She gave Father Jimmie a look, then got up from her chair and took my coffee cup into the kitchen, although I had not finished drinking the coffee in it.

"Her husband died three years ago. Last month the social worker cut off her welfare," Father Jimmie said.

"Why?"

"The social worker felt like it. That's the way it works. Take a walk with me," he said.
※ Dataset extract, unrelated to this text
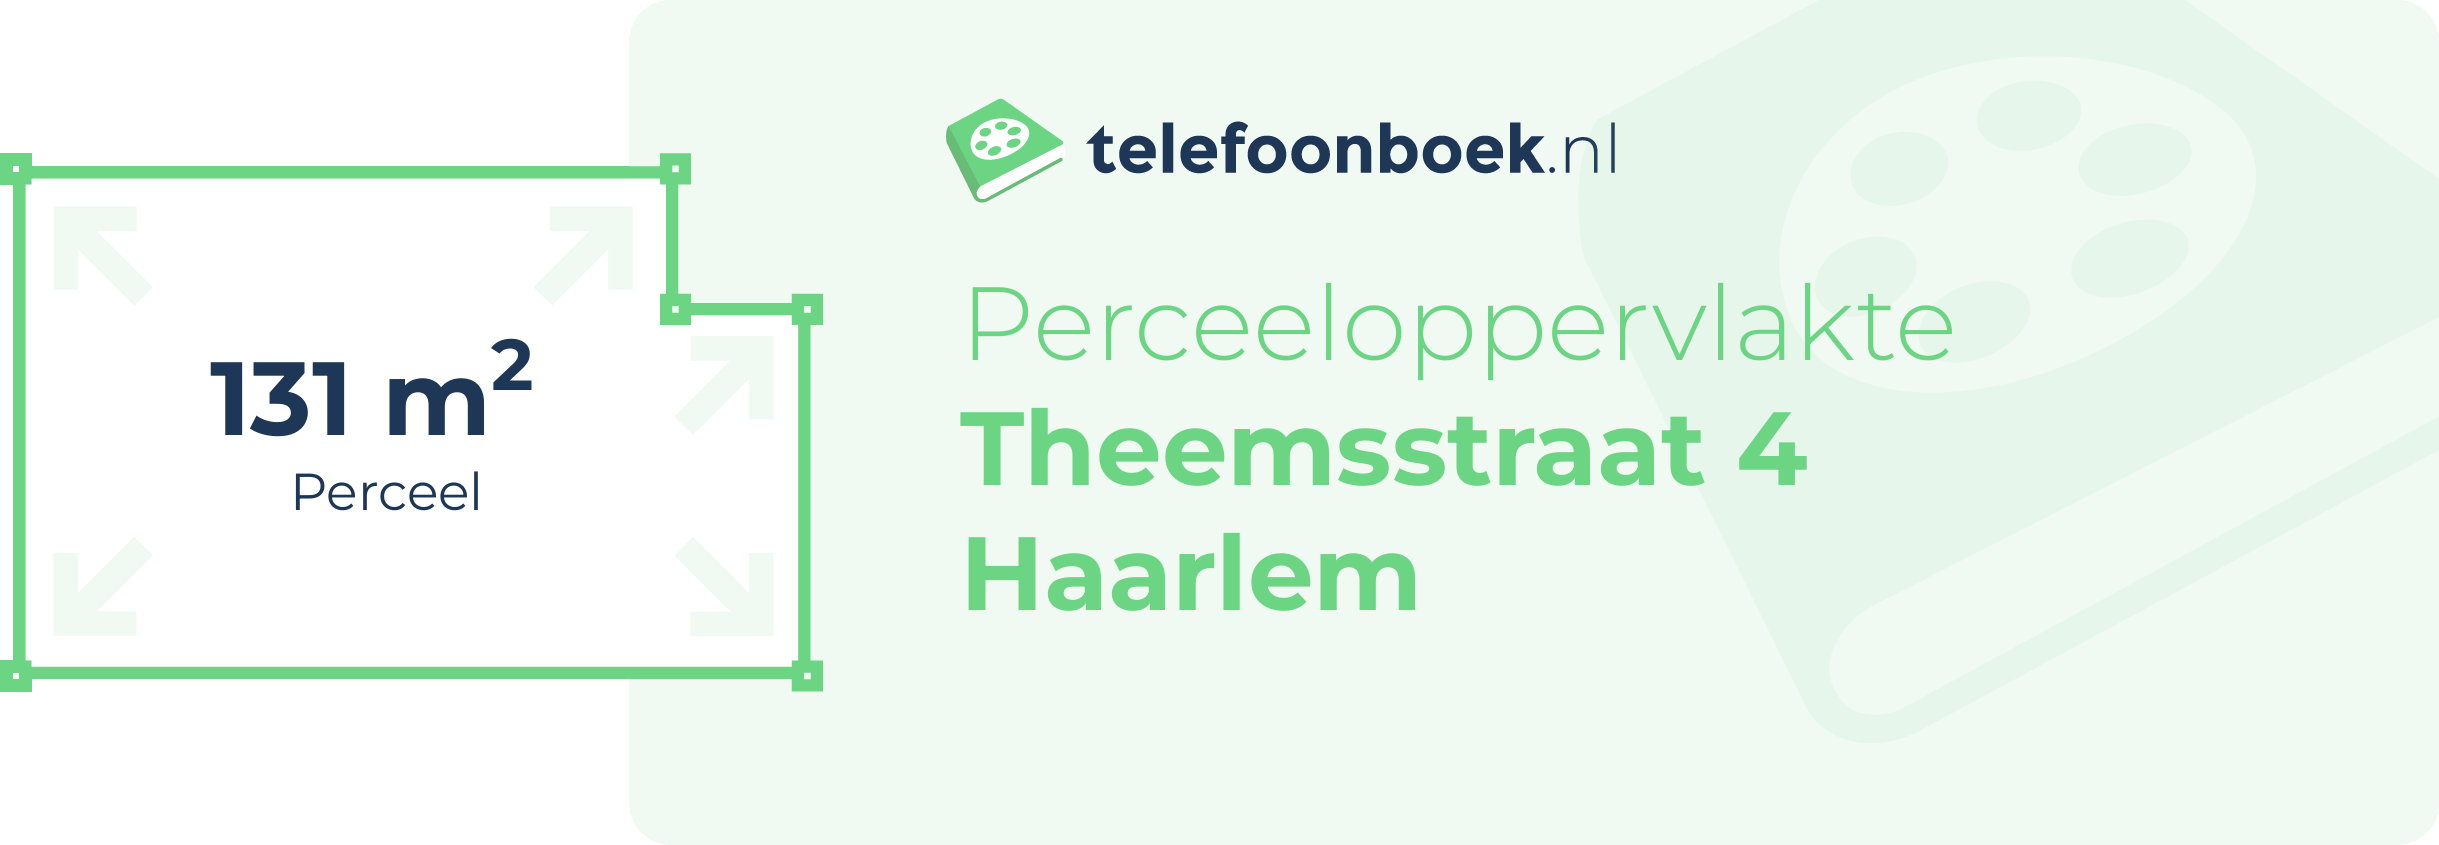 Perceeloppervlakte Theemsstraat 4 Haarlem

"I need to get back home."

"You have time for this," he said.

We went outside, into the sunlit, rain-washed loveliness of the fall afternoon. The pecan tree in the side yard puffed with wind and a yellow dog rolled on its back in the dirt while the children swung back and forth above it on their rope swing. But as I followed Father Jimmie down an incline toward the woods in back I could feel the topography changing under my feet, as though I were walking on a sponge.

"What's that smell?" I said.

"You tell me." He tore a handful of grass from the soil and held the roots up to my nose. "They truck it in from all over the South. Doris's lungs are as much good to her as rotted cork. People around here carry buckets in their cars because of their children's constant diarrhea."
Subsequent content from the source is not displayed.